Fazal Mansuri

Posted on Apr 18

⚠️ Race Conditions in APIs - The Bug You Can’t See

#backend #database #api #security

There's a category of bugs that don't show up in tests. They don't throw errors. They don't crash your server. They just silently corrupt your data at the exact moment two users do the same thing at the same time.

That's a race condition.

And if you've ever seen a user's account balance go wrong, a product's stock count go negative, or a post get double-liked - you've seen one in production.

Let's break down exactly what's happening and how to fix it.

What Is a Race Condition?

A race condition happens when two concurrent operations read shared data, make a decision based on it, and write back — and neither knows the other exists.

The classic example:

Thread A reads stock = 10
Thread B reads stock = 10
Thread A writes stock = 9  (decremented by 1)
Thread B writes stock = 9  (also decremented from 10 — wrong!)

Two orders placed. One decrement applied. You just oversold your inventory.

The reason this is invisible: each individual operation is correct. Thread A did nothing wrong. Thread B did nothing wrong. The bug lives in the gap between the read and the write.

A Real Scenario: The Inventory API

Say you have an endpoint that handles a purchase:

// ❌ NOT safe under concurrent load
func purchaseItem(ctx context.Context, itemID string) error {
    var stock int
    err := db.QueryRow("SELECT stock FROM items WHERE id = $1", itemID).Scan(&stock)
    if err != nil {
        return err
    }

    if stock <= 0 {
        return errors.New("out of stock")
    }

    _, err = db.Exec("UPDATE items SET stock = $1 WHERE id = $2", stock-1, itemID)
    return err
}

This looks fine. In a single-user world, it is fine. But under load — say, a flash sale with 500 concurrent requests — the gap between SELECT and UPDATE is enough for dozens of threads to read the same stock value and all decrement from it simultaneously.

Result: Negative stock. Oversold orders. Angry customers.

Three Ways to Fix It

Fix 1 — Atomic SQL Update (the simplest approach)

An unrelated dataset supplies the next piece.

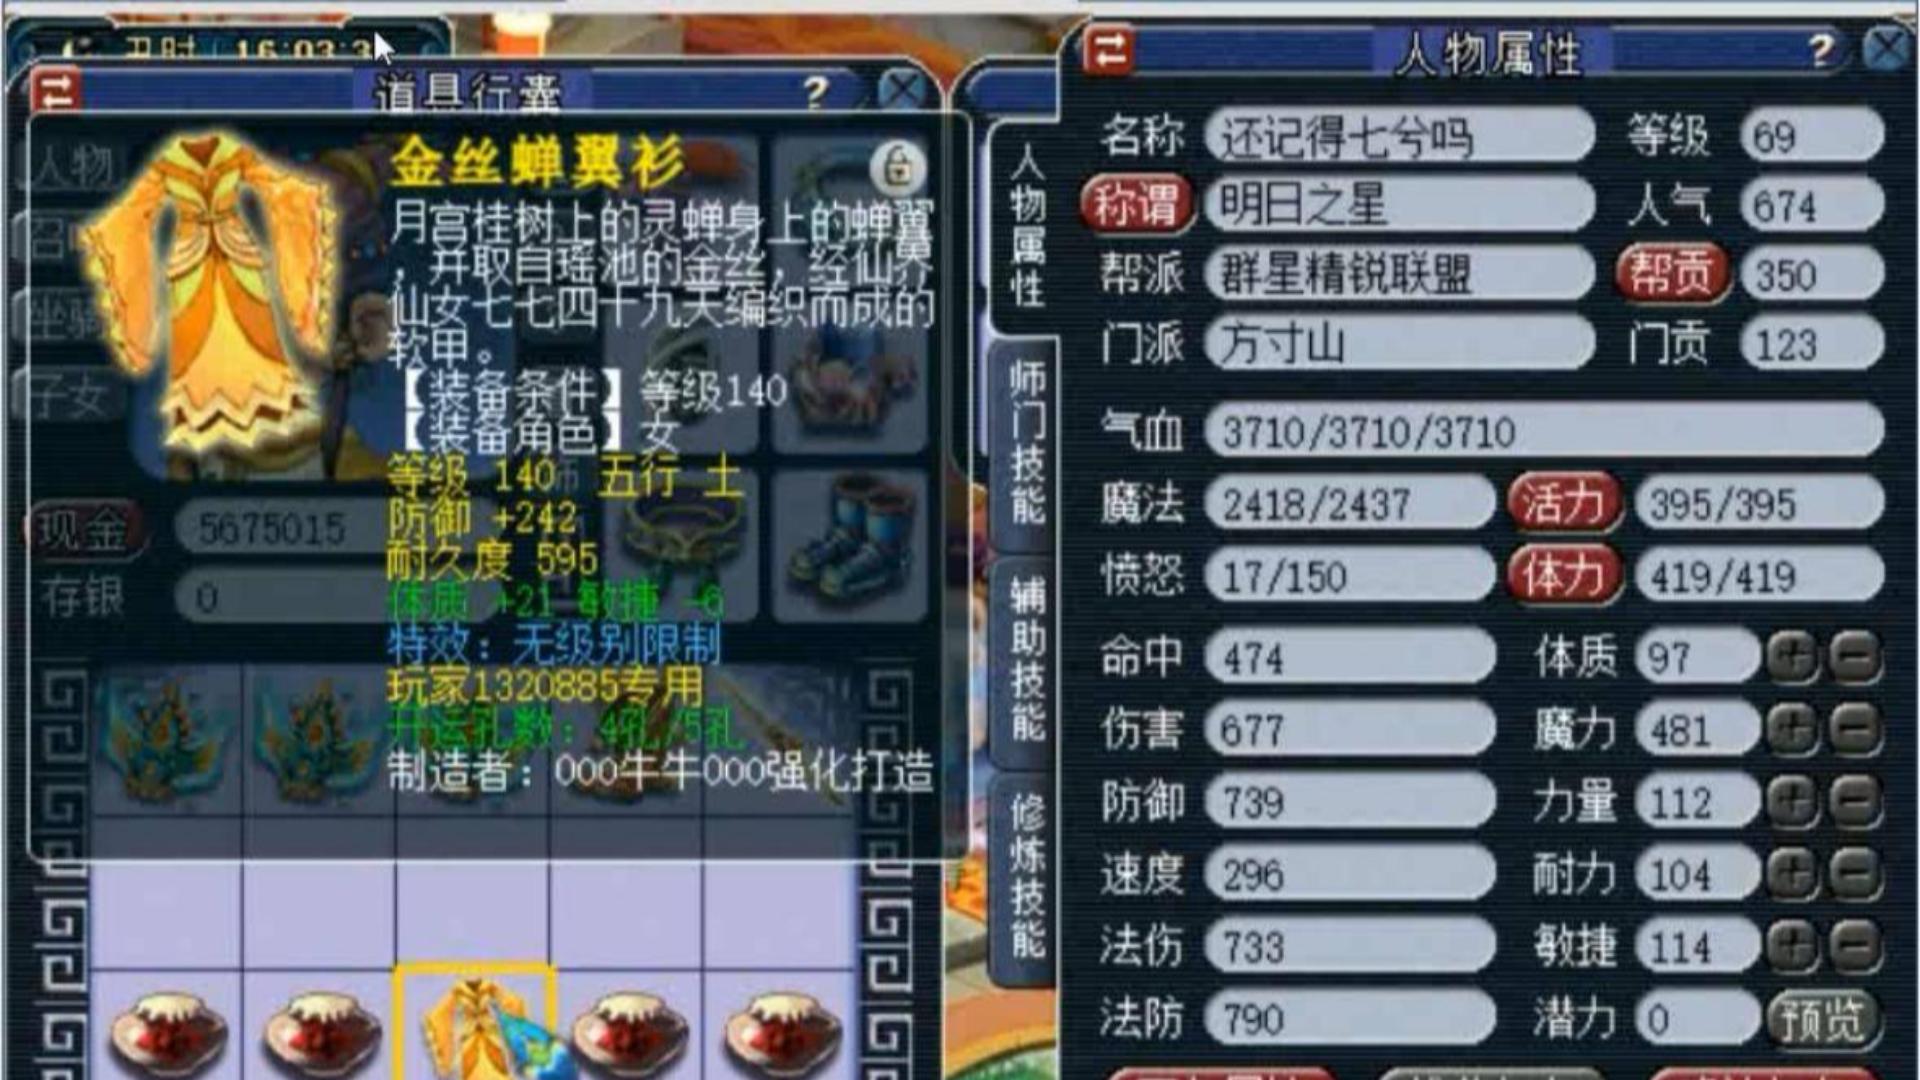 梦幻西游:69级号鉴定衣服点专用出了无级别,老王看看能值多少钱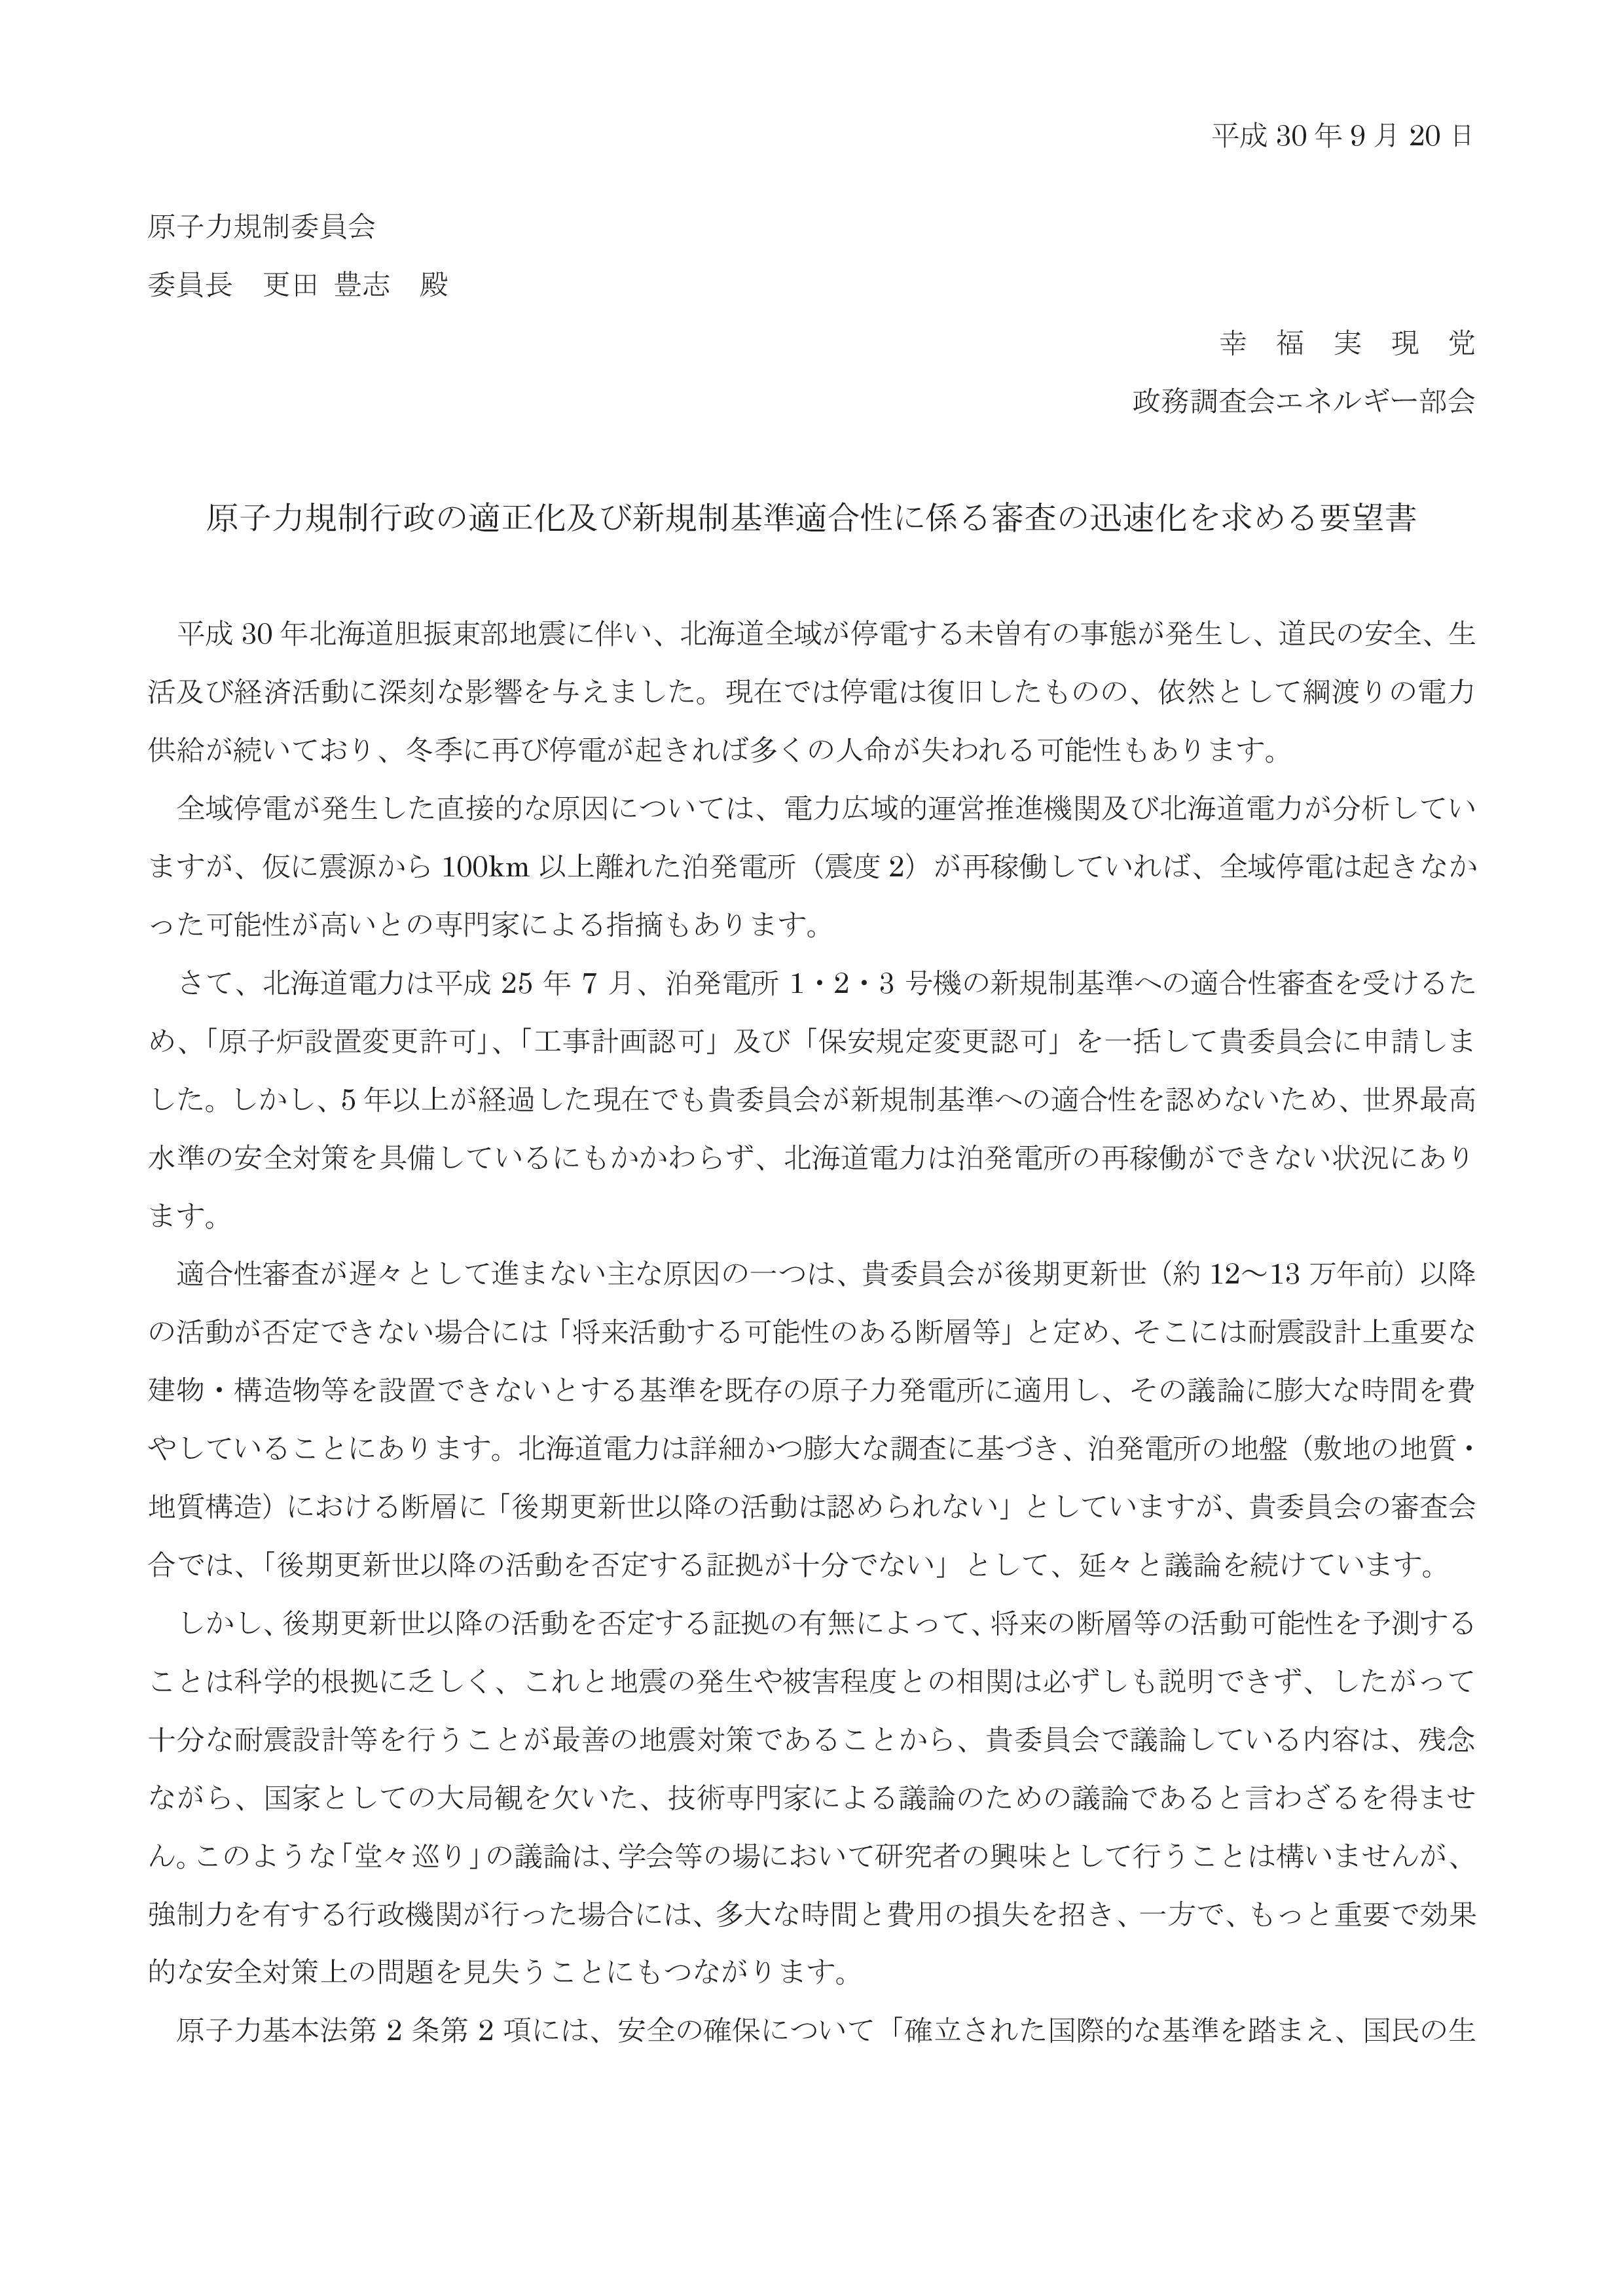 【原子力規制員会宛】要望書-001

The fastest fix is to eliminate the read-then-write pattern entirely and let the database handle the decrement atomically:

// ✅ Safe — single atomic statement
result, err := db.Exec(`
    UPDATE items
    SET stock = stock - 1
    WHERE id = $1 AND stock > 0
`, itemID)

rowsAffected, _ := result.RowsAffected()
if rowsAffected == 0 {
    return errors.New("out of stock or already taken")
}

No read. No gap. The database engine serializes this at the row level. This works well for simple decrements and is the right default when you don't need the old value.

Fix 2 — Pessimistic Locking (SELECT FOR UPDATE)

When you genuinely need to read the value before deciding what to write — for example, checking business rules before an update — use SELECT FOR UPDATE to hold a row lock:

// ✅ Safe — row is locked until transaction commits
tx, _ := db.BeginTx(ctx, nil)
// error handling omitted for brevity
defer tx.Rollback()

var stock int
err := tx.QueryRow(`
    SELECT stock FROM items WHERE id = $1 FOR UPDATE
`, itemID).Scan(&stock)

if stock <= 0 {
    return errors.New("out of stock")
}

tx.Exec("UPDATE items SET stock = $1 WHERE id = $2", stock-1, itemID)
tx.Commit()

FOR UPDATE tells the database: lock this row. Any other transaction that tries to read it with FOR UPDATE will block until this one commits or rolls back. Completely safe — but it creates a queue, so it can become a bottleneck under heavy concurrent traffic.

Fix 3 — Optimistic Locking with CAS (Compare-And-Swap)

Optimistic locking says: don't block anyone. Just verify before writing that the world still looks the way you expected when you read it.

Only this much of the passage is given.